Required work:
Without the images, repeat every line of the listing exactly.
Dataset section below:
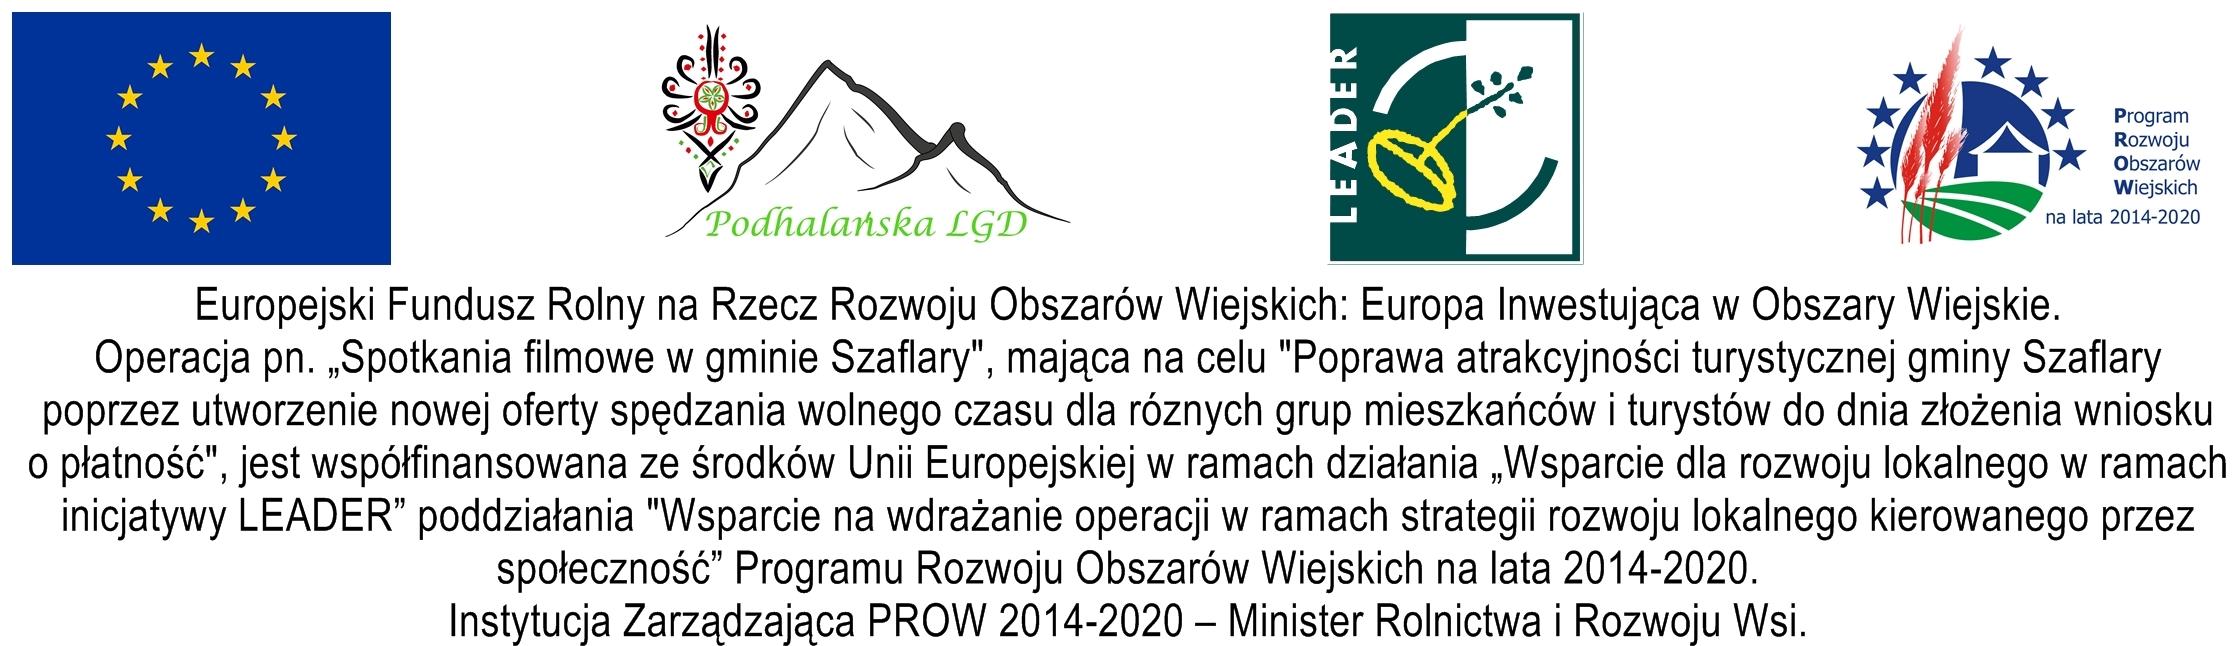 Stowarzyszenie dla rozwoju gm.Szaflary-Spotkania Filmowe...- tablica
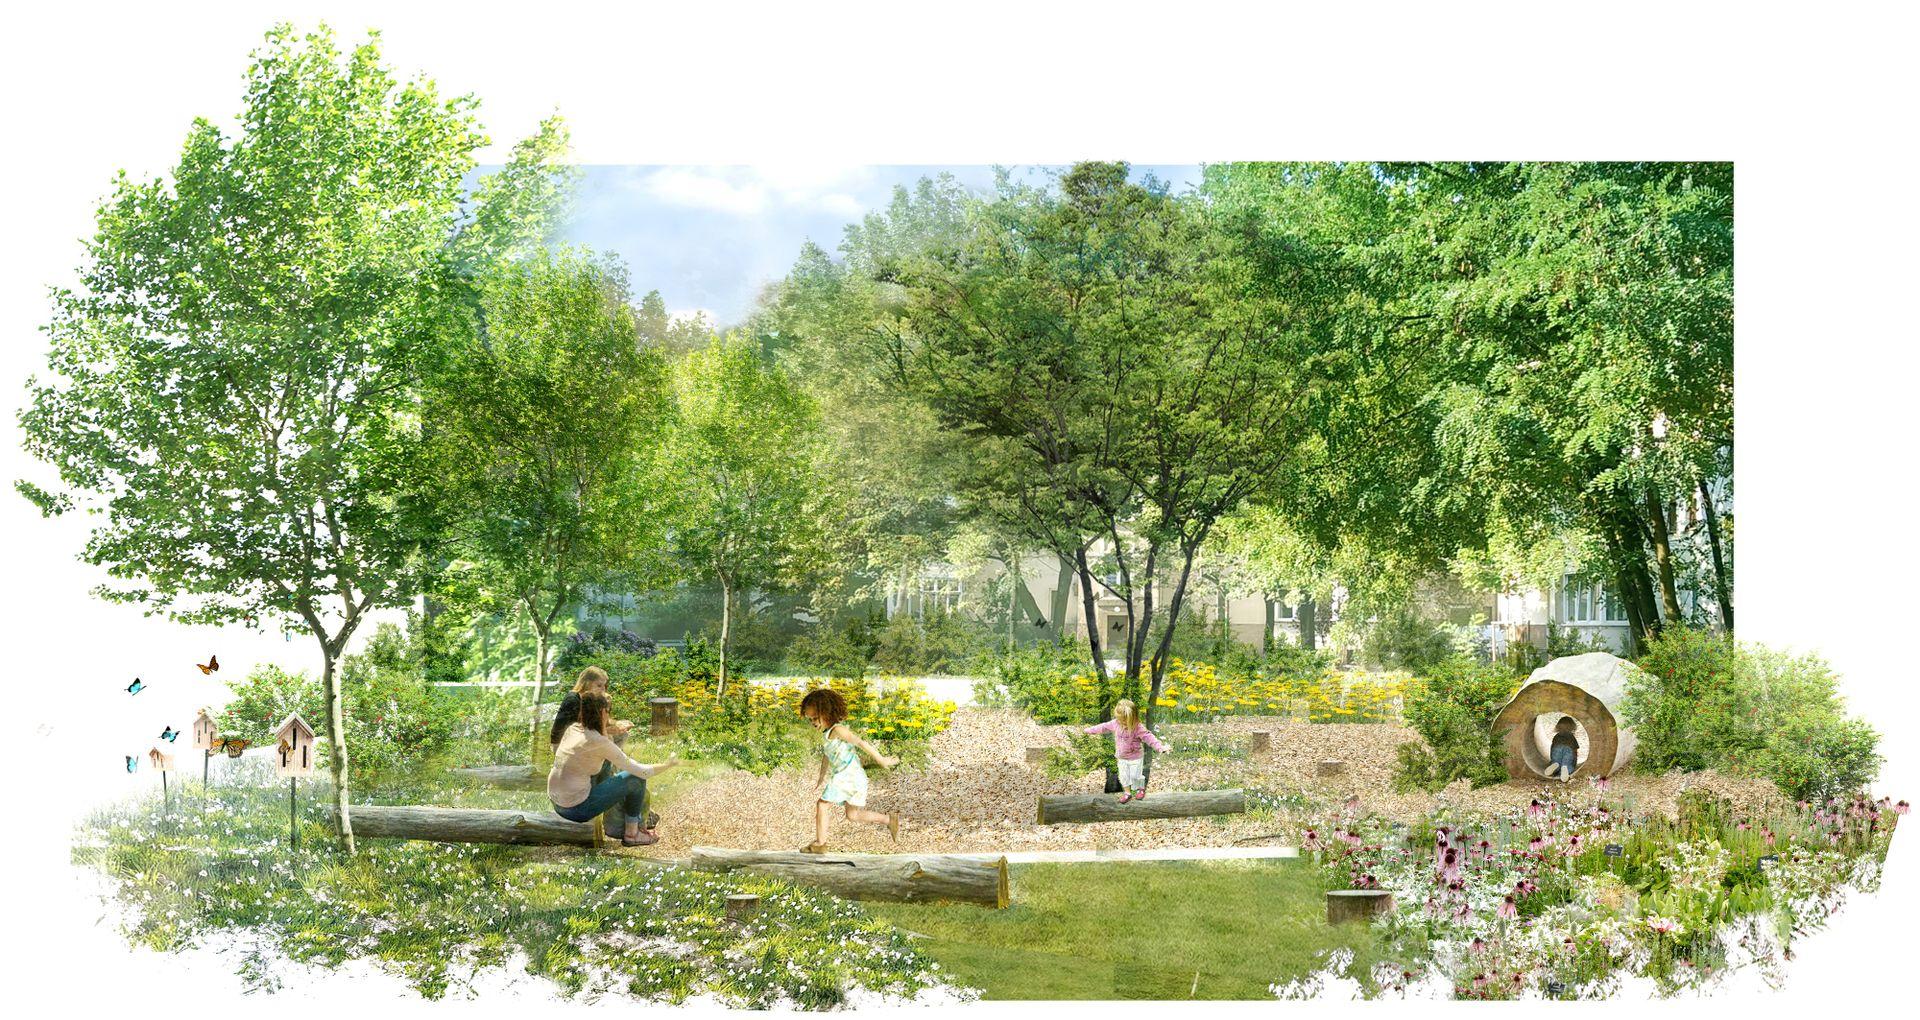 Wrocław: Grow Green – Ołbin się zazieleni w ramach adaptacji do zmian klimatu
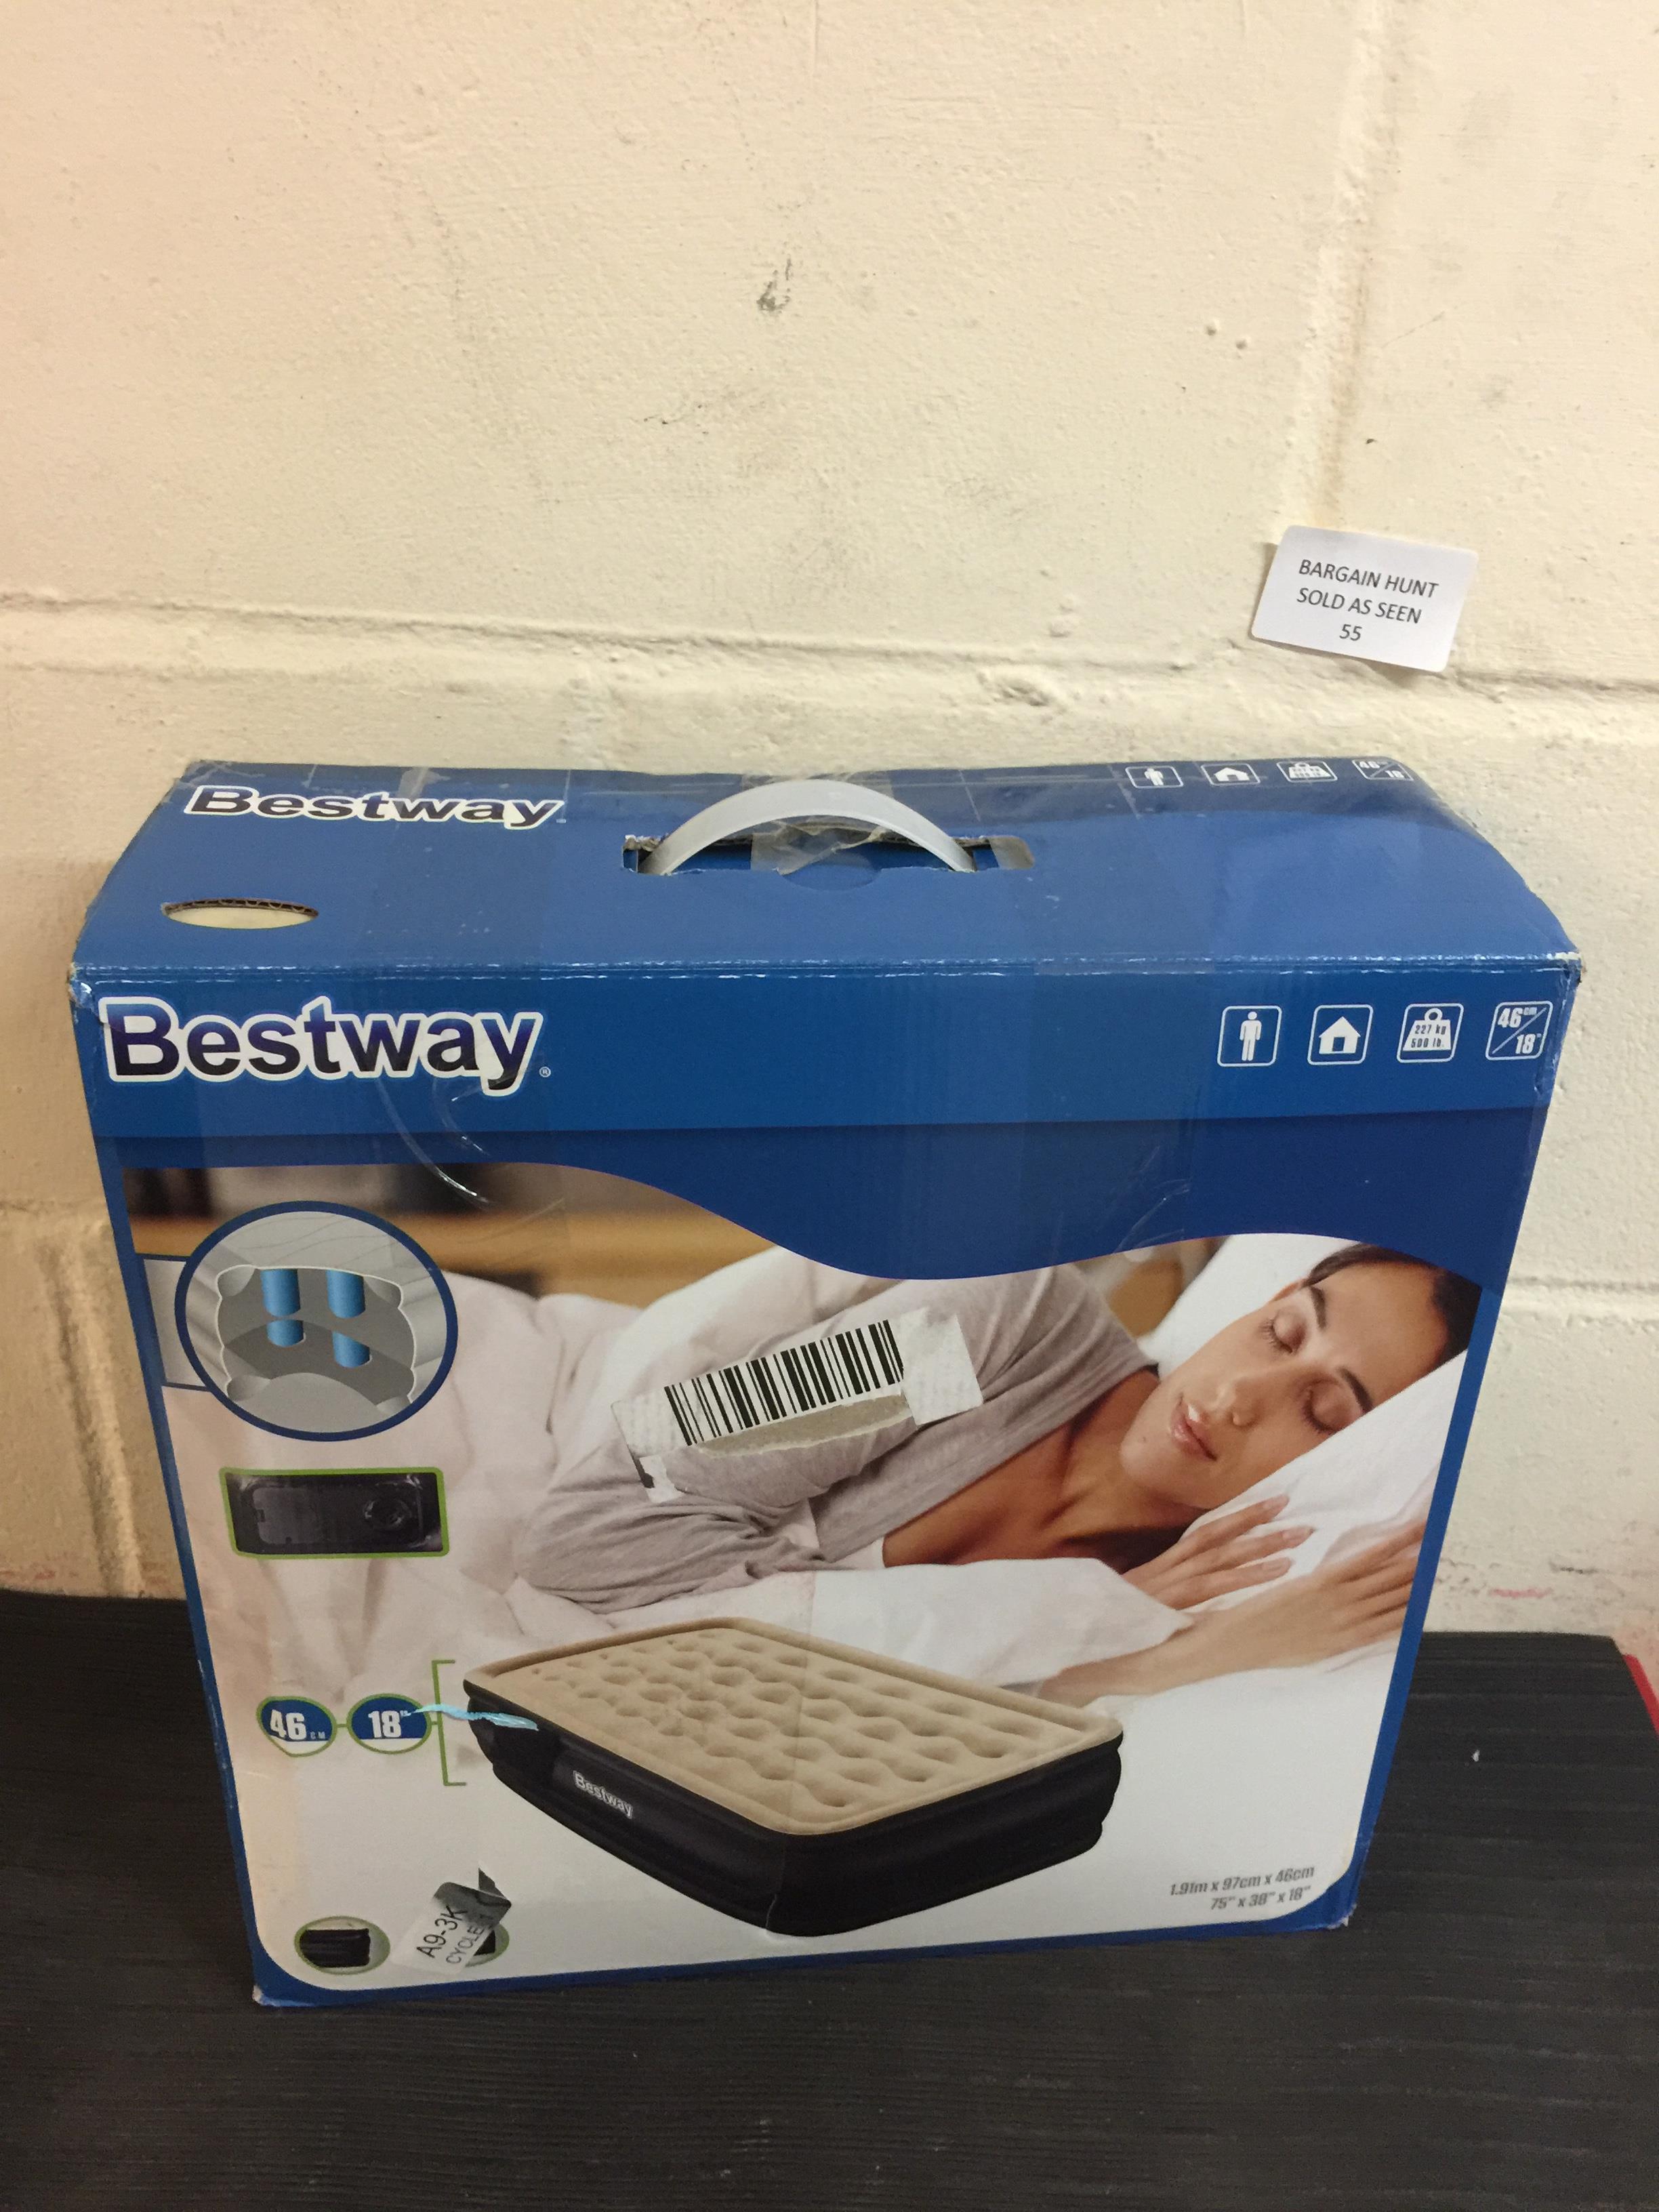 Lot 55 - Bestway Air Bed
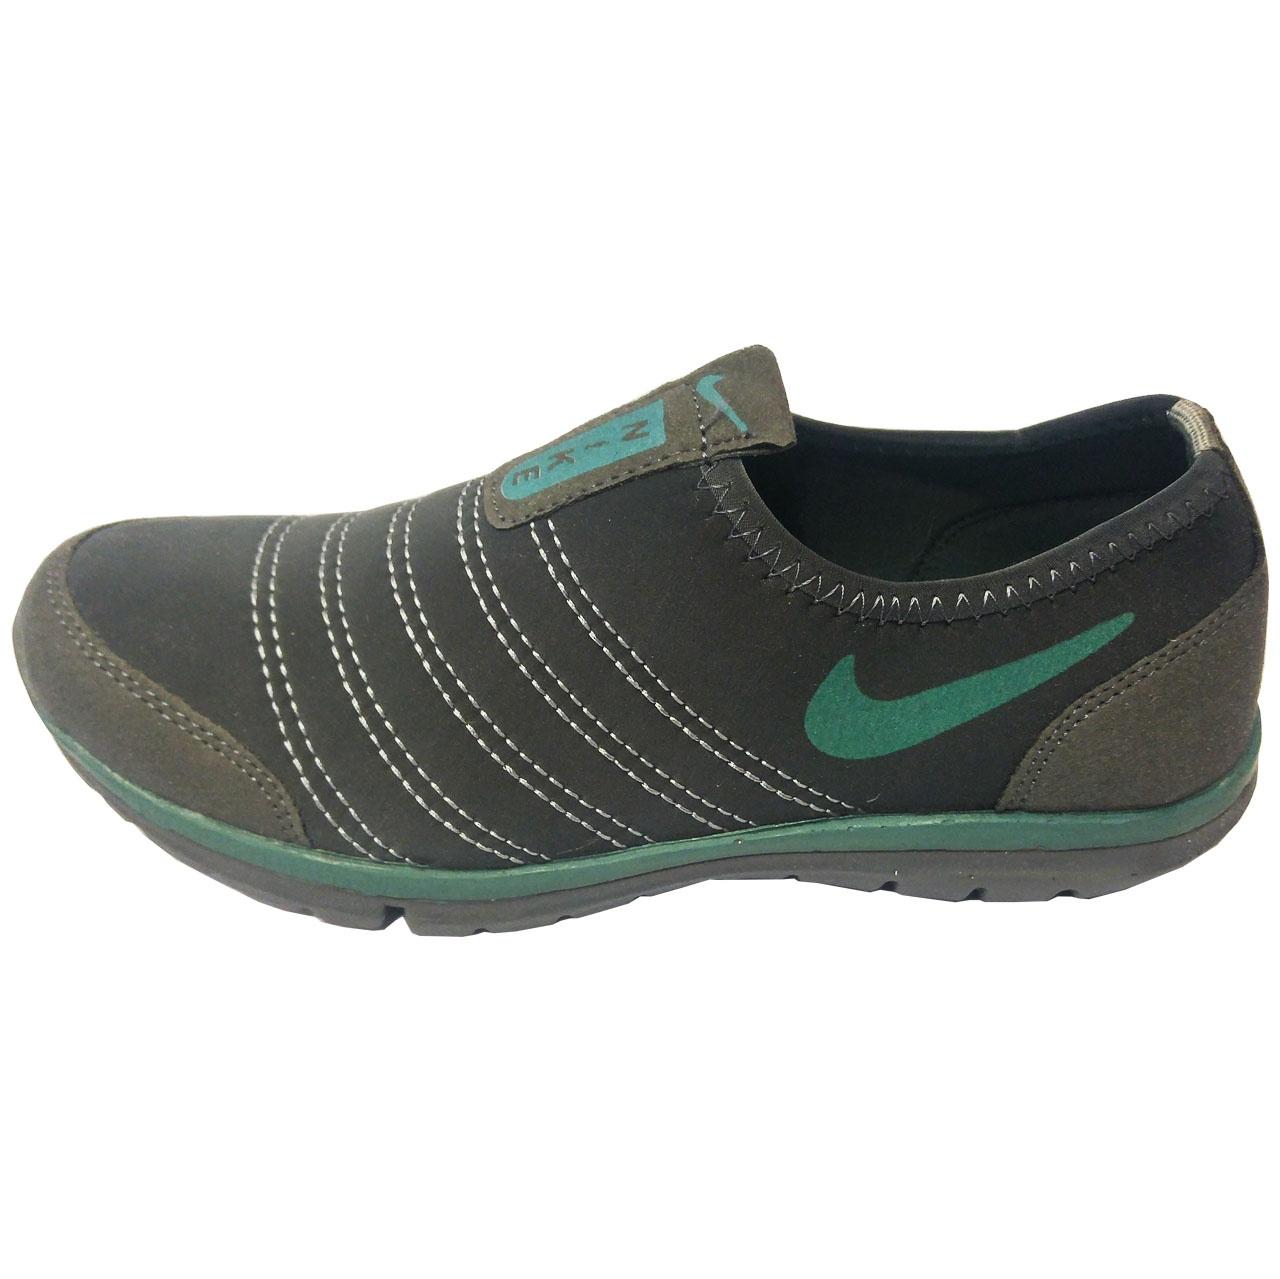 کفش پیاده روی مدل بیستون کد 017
End of Dataset section.
Result for this task:
 Stowarzyszenie dla rozwoju gm.Szaflary-Spotkania Filmowe...- tablica
 Wrocław: Grow Green – Ołbin się zazieleni w ramach adaptacji do zmian klimatu
 Lot 55 - Bestway Air Bed
 کفش پیاده روی مدل بیستون کد 017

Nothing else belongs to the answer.